What is a drift sock?
A drift sock is a simple, but effective, cone-shaped device that helps slow your boat down on windy days, but it has other uses too. If you haven’t used a drift sock before, you might not know the advantages it can give you.
How does a drift sock work?
A drift sock is essentially the opposite of a sail on a sailboat. On a sailboat, the wind pushes the sail, moving the boat faster than the surface of the water. A drift sock is put in he water, and as the boat is being pushed by the wind, the drift sock drags behind, almost acting as an anchor that slows the boat down.
Why do you need a drift sock?
For fisherman that often fish open water, moving at slow speeds, a drift sock is almost a must have. As a walleye fisherman, I like to use a drift sock on days where the wind pushes my boat too fast for an effective drift speed, which is usually around .8-1.2 mph. For lakes that do not allow trolling, this means that you are at the mercy of the wind, and you need to change tactics or location. Where trolling is legal, the drift sock allows you to keep fishing the same location, even when the wind does pick up–keeping you on the fish.

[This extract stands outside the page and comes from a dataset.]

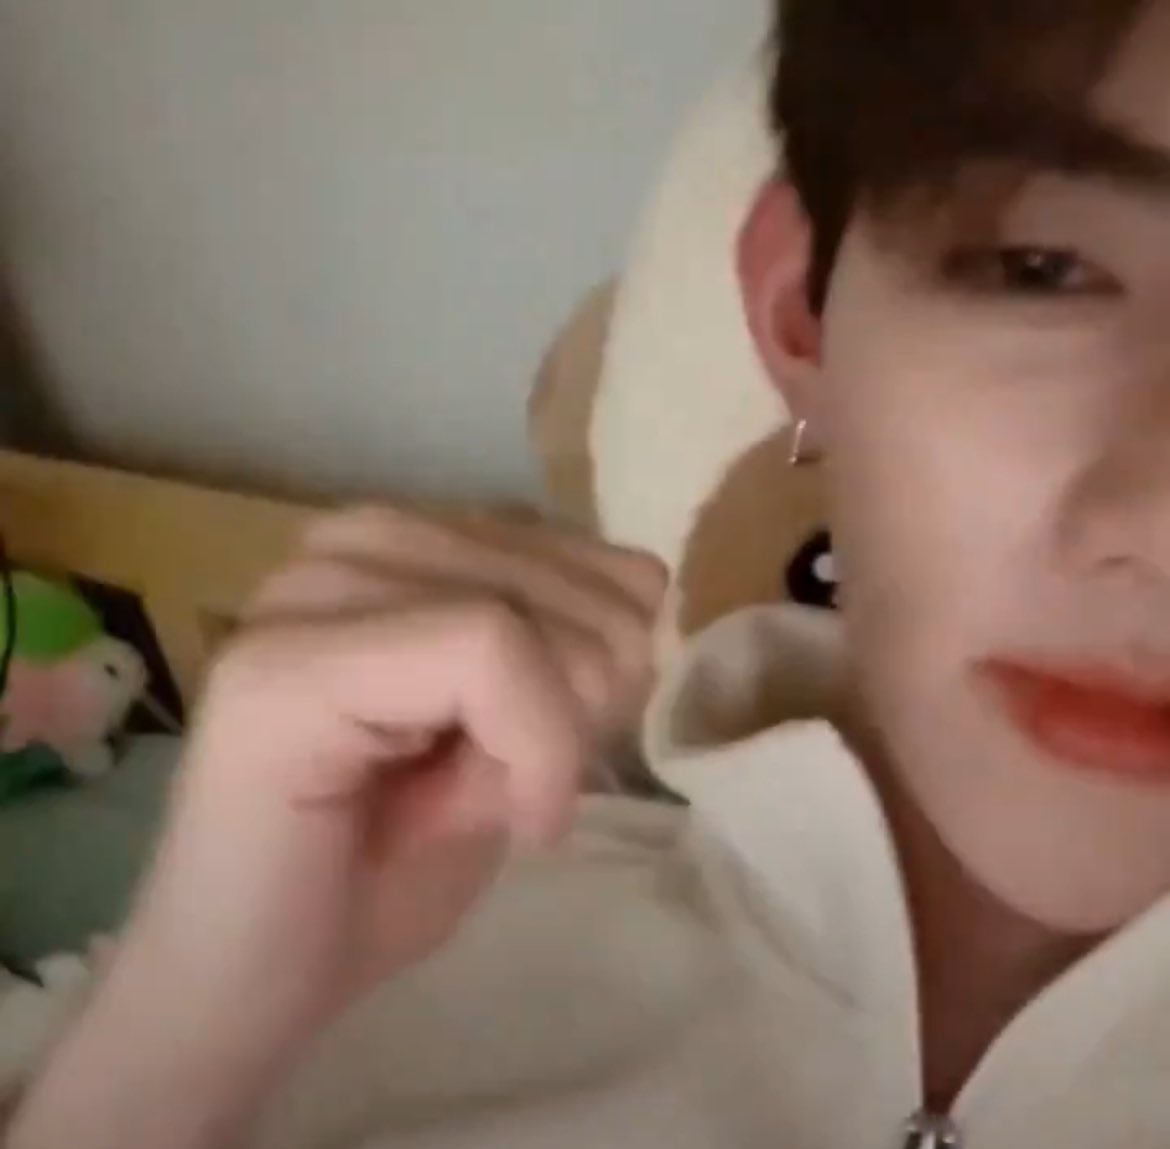 They may not often sleep together all night because they don't share the same room, but they definitely cuddle when taking quick naps or when watching shows or movies together... bin's shaymin on neul's bed is proof of it.. and let’s not forget bin’s live… yeah

Another use for the drift sock is to slow down your trolling speed. A lot of fisherman can’t afford a kicker outboard motor for trolling, to slow their boat down, so they have to find other ways to reach the optimal speeds with their motor. One option is a trolling plate. Another option, which many fisherman don’t know about, is the use of a drift sock. The best place to put the drift sock is on the hull clip in the front of the boat. The drift sock will be off to one side, causing the boat to turn, but a little compensated steering, or an adjacent driftsock will help correct that. Trolling with a drift sock requires much more attention however, as you can easily have a mess on your hands if the rope somehow gets caught in your propeller. But with a little practice, you can learn how much rope to let out so that the drift sock doesn’t interfere with anything.
Wind Blown Shorelines
A drift sock may seem like it can only be used out in the open water for drifting, but you can also use it working along shorelines where the wind is pushing into and along shore. You can set the drift sock off the back corner of the boat that is facing the wind, which will help slow the boat down, and then you can use your bow mount trolling motor to control speed and direction along the shoreline–thus keeping your boat parallel with shore. Any fisherman that fishes along shorelines, that are prone to high winds, this can save you a battle of better boat control. Better boat control=more time fishing productively.
How big of drift sock do you need?
Here is a sizing chart for Cabela’s brand drift socks found from cabelas.com:
- Small– small boats to 14-ft. 26″
- Medium– small boats to 16-ft. 30″
- Large– 14-ft. to 18-ft. boats. 38″
- X-Large– 16-ft. to 22-ft. boats. 44″
- 2X-Large– 16-ft. to 22-ft. boats. 48″
- 3X-Large– 18-ft. to 22-ft. boats. 56″
- 4X-Large– 18-ft. to 26-ft. boats. 65″
- 5X-Large – 20-ft. to 26-ft. boats. 77″
A drift sock may not be the first thing that comes to mind for slowing your boat down in high winds, but hopefully this article gave you a few quality uses for one. If you find yourself in any of the fishing scenarios above, you owe it to yourself to give a drift sock a try. For about 50-100 dollars, you can catch those finnicky fish in high winds, while the other boats around you battle the wind. You also won’t have to worry about the drift sock ripping on you. Most of them are made with reinforced nylon which also makes them puncture-proof. I would also like to mention that the uses mentioned above are the standard uses, drift socks can be modified and rigged many different ways if you use your imagination.
SonarFish Tip – I’ve screwed an anchor tie in the middle of my boat so I can attach the drift sock to hang out in the middle, allowing the boat to stay mostly even. This helps eliminate many situations where I would possibly need a second drift sock (one for front and one for back).